Like many a human from a colder or wetter climate who blossoms in a warmer, dryer environment, horses can improve out of sight when they find more favourable conditions.
Neufbosc, a grey gelding named after a district in Normandy in his native France, could not get warm – metaphorically – when he was imported from Europe to race in Victoria in 2019.
The Lindsay Park team – then headed by now Hong Kong-based David Hayes – had high hopes that the son of Coolmore stallion Mastercraftsman would turn into a serious Cups contender when he was bought from his French stable by Seymour Bloodstock, Mark Pilkington and other investors.
Neufbosc, pictured right at Flemington in 2019, has thrived in a hotter climate, under trainer Neville Parnham. Credit:Daniel Pockett
But time and again Neufbosc disappointed them. In 11 starts in Victoria he only hit the frame once, when third in the Sandown Cup, a listed 3200-metre race at the end of the spring carnival, following a disappointing 21st of 24 behind Vow And Declare in the 2019 Melbourne Cup.

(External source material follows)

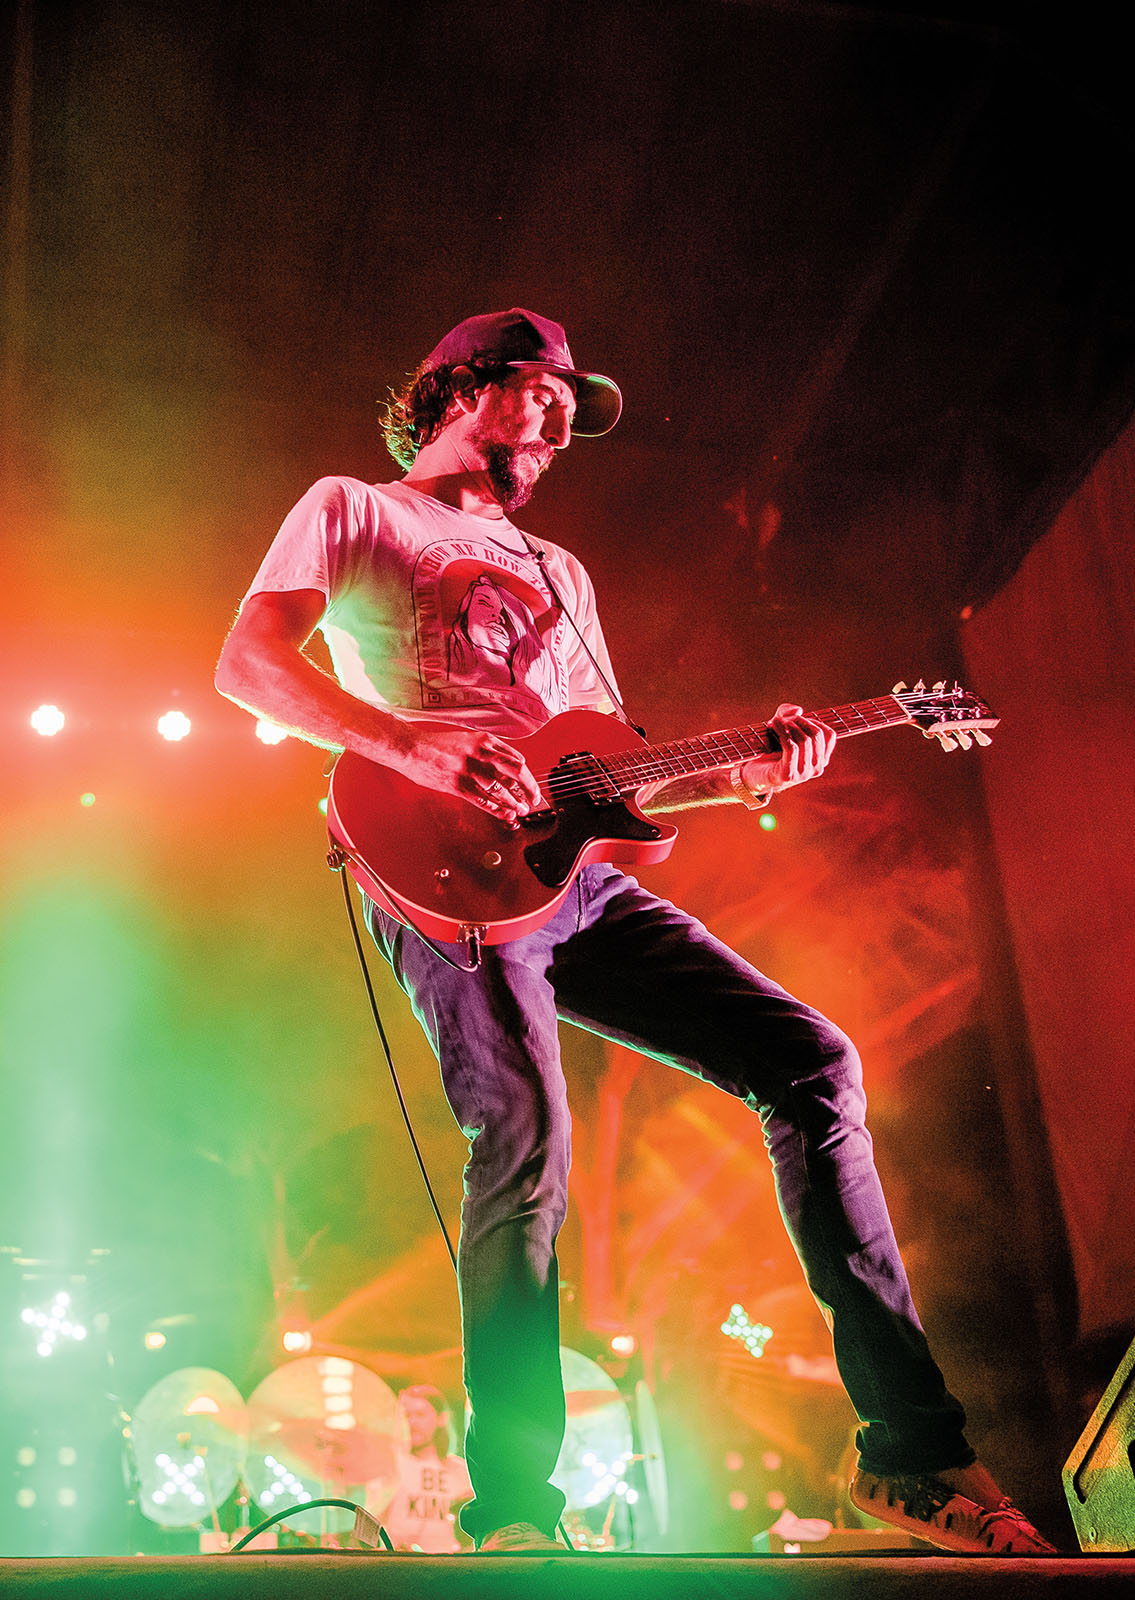 A man in a baseball cap strums an electric guitar and taps his foot on a stage in front of orange and green gel lights

Fast forward nearly a year and Neufbosc – uprooted from rural Victoria to the hotter, dryer environment of Perth – is a changed horse.
The syndicate that owns him had a last roll of the dice and shifted him to leading West Australian trainer Neville Parnham, hoping that a change of scenery and lesser opposition in WA might give him more opportunities.
It was a decision that paid off better than anyone might have expected when Neufbosc, ridden by Parnham's son Chris, landed WA's best known race, the Perth Cup, beating the top weight and favourite Truly Great.
"It was fantastic to take out the race with my son in the saddle," Parnham said on Sunday as he reflected on Neufbosc's transformation.
"Chris has been obsessed with the Perth Cup since he was about three or four. It's the one race he has always wanted to win, so to do it with him is a great thing."
He cannot put his finger on one thing or another which has helped the horse turn his form around.
"I wouldn't really know what I have done. Maybe the horse took some time to acclimatise after coming here from Europe. He's got a bit of sun on his back and maybe he doesn't like the wetter tracks they have over in Victoria," he said.
"He's really been enjoying his racing and I could not have been happier with him. I backed him up within a week [after his win on Boxing Day over 2200m] and he has backed up well for me before."
Parnham does not necessarily believe that Neufbosc, now that he has hit his straps, needs to return to Melbourne, the scene of his disappointments, to prove a point.
"We will talk about it with the owners. He could carry on, he could have a spell now and we can aim him at some nice races in Perth in the winter. Adelaide or Brisbane could also be discussed. Nothing is in or out," Parnham said.